Título: Dirceu diz que é vítima de 'processo político' e vai recorrer até ao STF
Autor: Luciana Nunes Leal
Fonte: O Estado de São Paulo, 23/08/2005, Nacional, p. A9

BRASÍLIA - Em 22 páginas de defesa, encaminhada ontem ao Conselho de Ética da Câmara, o ex-ministro e deputado José Dirceu (PT-SP) denunciou ser vítima de um processo político e correr o risco de perder o mandato "não pelo que fez, mas pelo que representa". Dirceu adiantou que está disposto a recorrer ao Supremo Tribunal Federal (STF) para tentar arquivar o processo por falta de decoro parlamentar, aberto a pedido do PTB. O ex-ministro faz duros ataques a seu principal acusador, o deputado Roberto Jefferson (PTB-RJ). Para ele, o petebista tem "comprovada prática de corrupção", "mente doentia" e "estratégia mirabolante" para desviar o rumo das investigações. Jefferson também responde a processo no Conselho.

Dirceu é acusado pelo partido de Jefferson de, em conluio com o ex-tesoureiro do PT Delúbio Soares, ter determinado que o empresário mineiro Marcos Valério Fernandes de Souza tomasse empréstimos bancários para levantar recursos para o pagamento do mensalão - suposta mesada do governo para deputados aliados. Ele negou a denúncia e acrescentou que em 2003 não tinha participação nas decisões partidárias, pois era chefe da Casa Civil.

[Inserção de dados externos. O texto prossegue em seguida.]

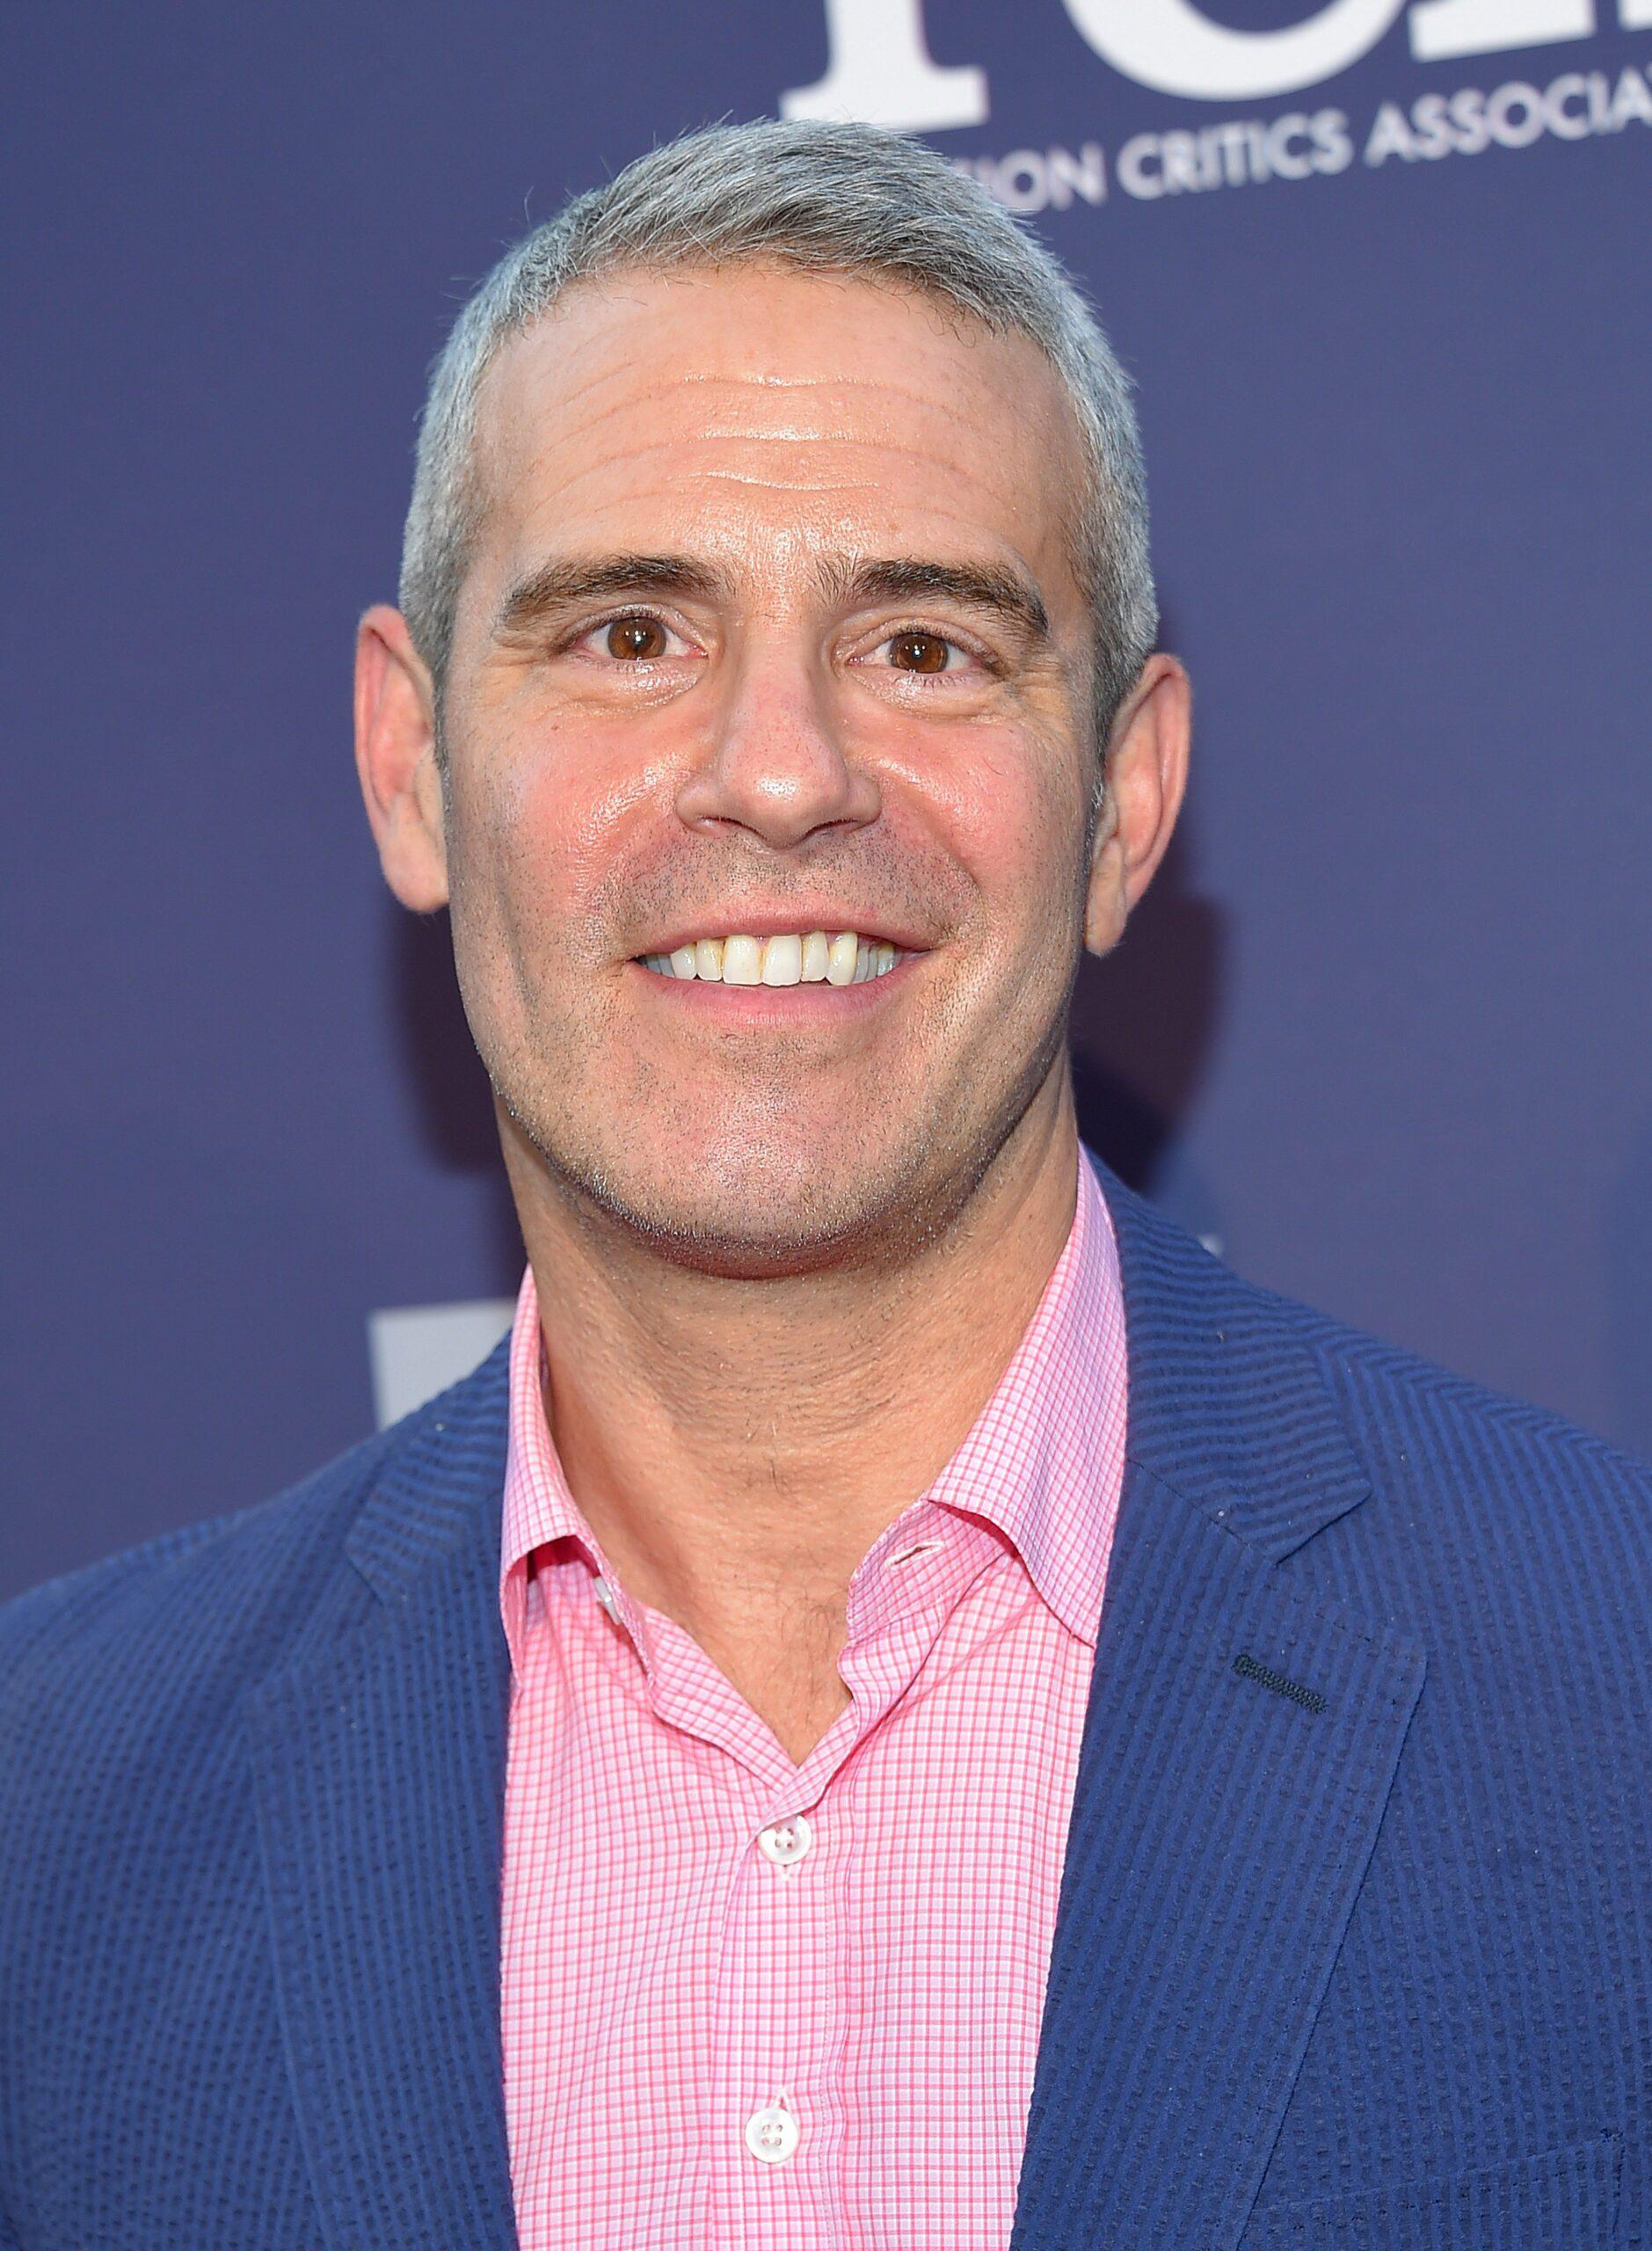 Andy Cohen sports a blue suit and pink inner T-shirt.

O argumento de Dirceu para escapar da investigação é justamente o fato de que não exercia o cargo de deputado quando as supostas ilegalidades foram cometidas. "Vamos aguardar e, dependendo da decisão, a gente pode ir ao Supremo, diz que (o processo) não pode prosseguir. É uma medida de legalidade", disse o advogado de Dirceu, José Luis Oliveira Lima.

DÍVIDAS

Dirceu sustenta a tese de Delúbio, de que os empréstimos nos banco Rural e BMG foram tomados pelo partido para pagar dívidas da campanha de 2002 e reconhece que, na Casa Civil, teve reuniões com representantes dos dois bancos, mas assegura que jamais tratou de assuntos partidários. Diz ter sabido "genericamente" sobre as dificuldades financeiras do PT em 2003 e rejeita qualquer responsabilidade sobre empréstimos.

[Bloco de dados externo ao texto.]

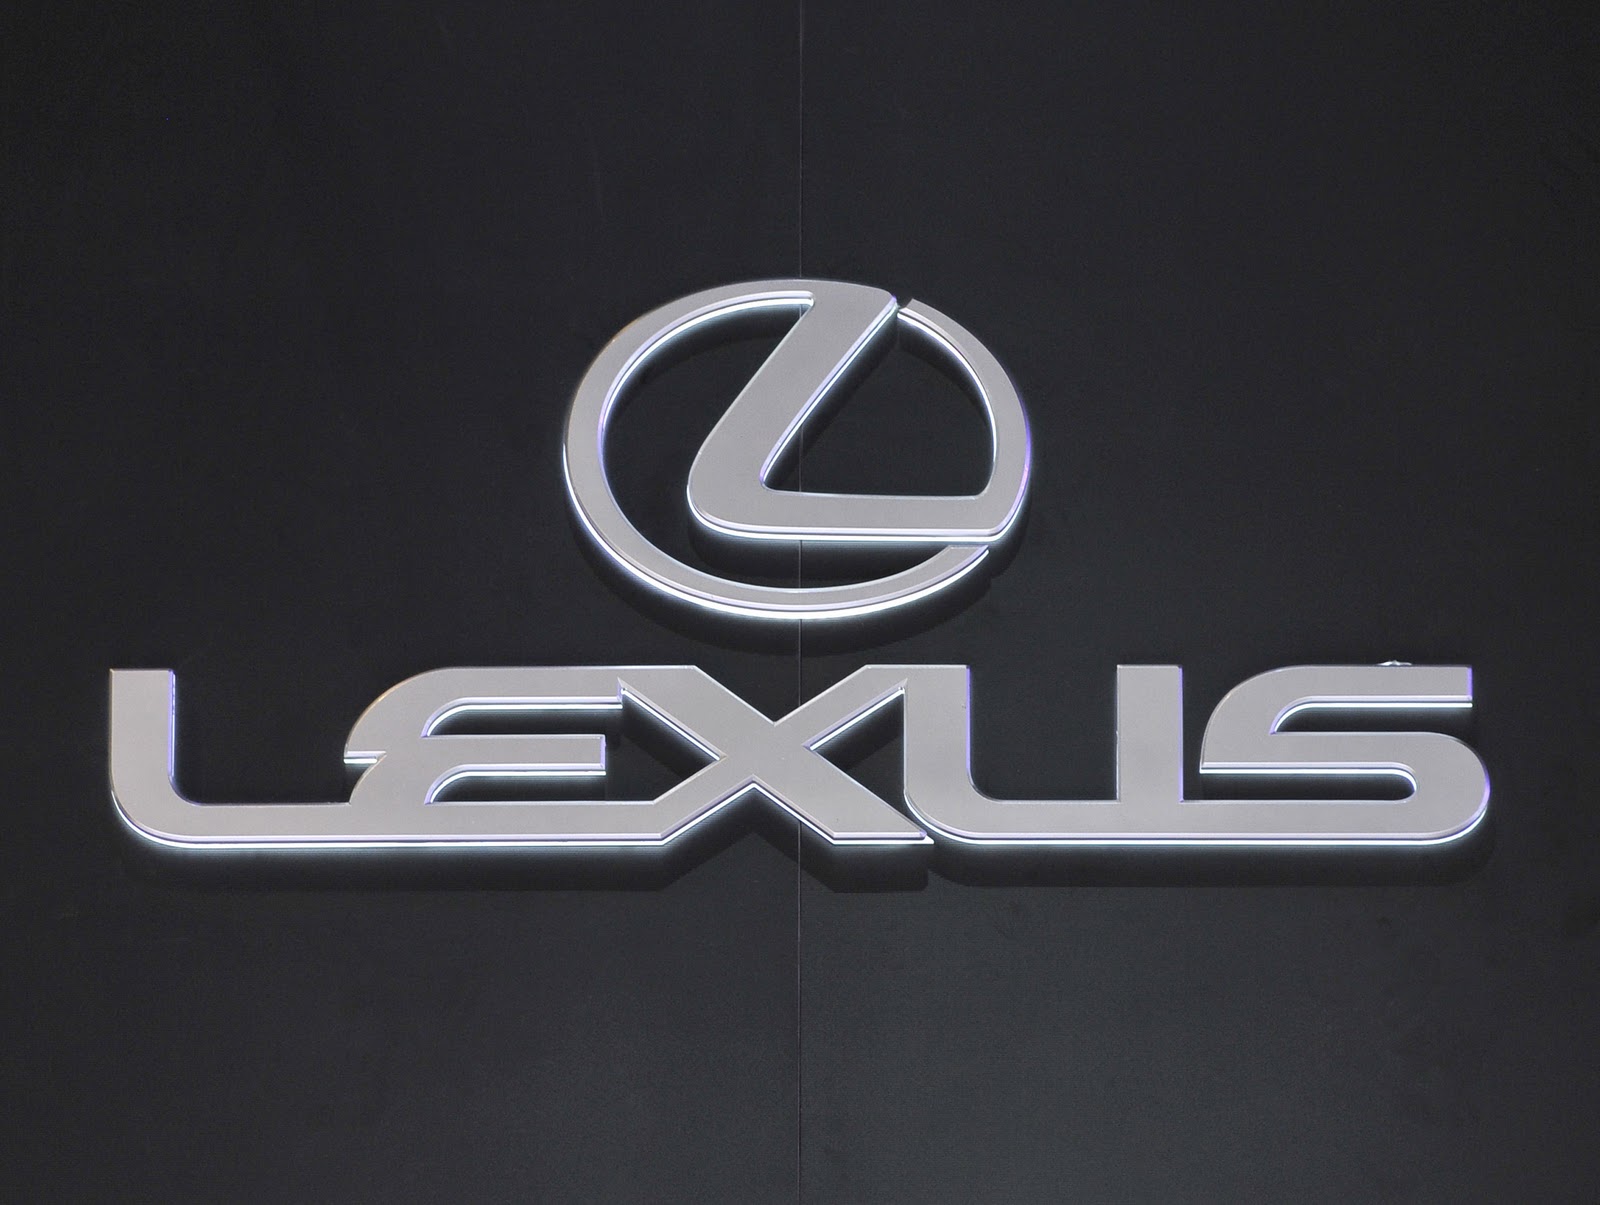 290 Lexus HD Wallpapers and Backgrounds

No quinto dos seis itens da defesa, intitulado "Um desabafo e uma preocupação", Dirceu se diz orgulhoso de sua própria história e fala da possibilidade de cassação. "Sai o deputado, fica o precedente. E amanhã a solução pode ser novamente aplicada. A maioria pode resolver punir um líder da minoria sem prova firme e cabal de ele haver faltado com o decoro, mas apenas para afastar o desafeto do palco político." E indaga: "Será isso bom para a Casa? O processo democrático, que já custou tanto sangue, estará sendo preservado?"

Dirceu destaca suposta incompetência do Conselho de Ética para julgá-lo e centra sua defesa, assinada por ele próprio e pelo advogado, na "inépcia" da representação e na "acusação delirante" do PTB. Dirceu considera "público e notório que não se ocupou da parte financeira da campanha eleitoral de 2002", pois era coordenador político da campanha.

TESTEMUNHAS

O deputado apresenta como testemunhas de defesa o ministro da Justiça, Márcio Thomaz Bastos, os ex-ministros e hoje deputados Aldo Rebelo (PC do B-SP), Eduardo Campos (PSB-PE) e Arlindo Chinaglia (PT-SP), e também o escritor Fernando Morais, amigo de Dirceu há muitos anos.

Do lado da acusação, as testemunhas arroladas são Marcos Valério, que confessou ter montado, com Delúbio, um esquema de caixa 2 para pagar dívidas do PT e dos partidos aliados; a mulher dele, Renilda, e os controladores do Banco Rural, Kátia Rabelo, e do BMG, Flávio Guimarães. A representação do PTB é centrada nos depoimentos prestados por Valério e Renilda à CPI dos Correios.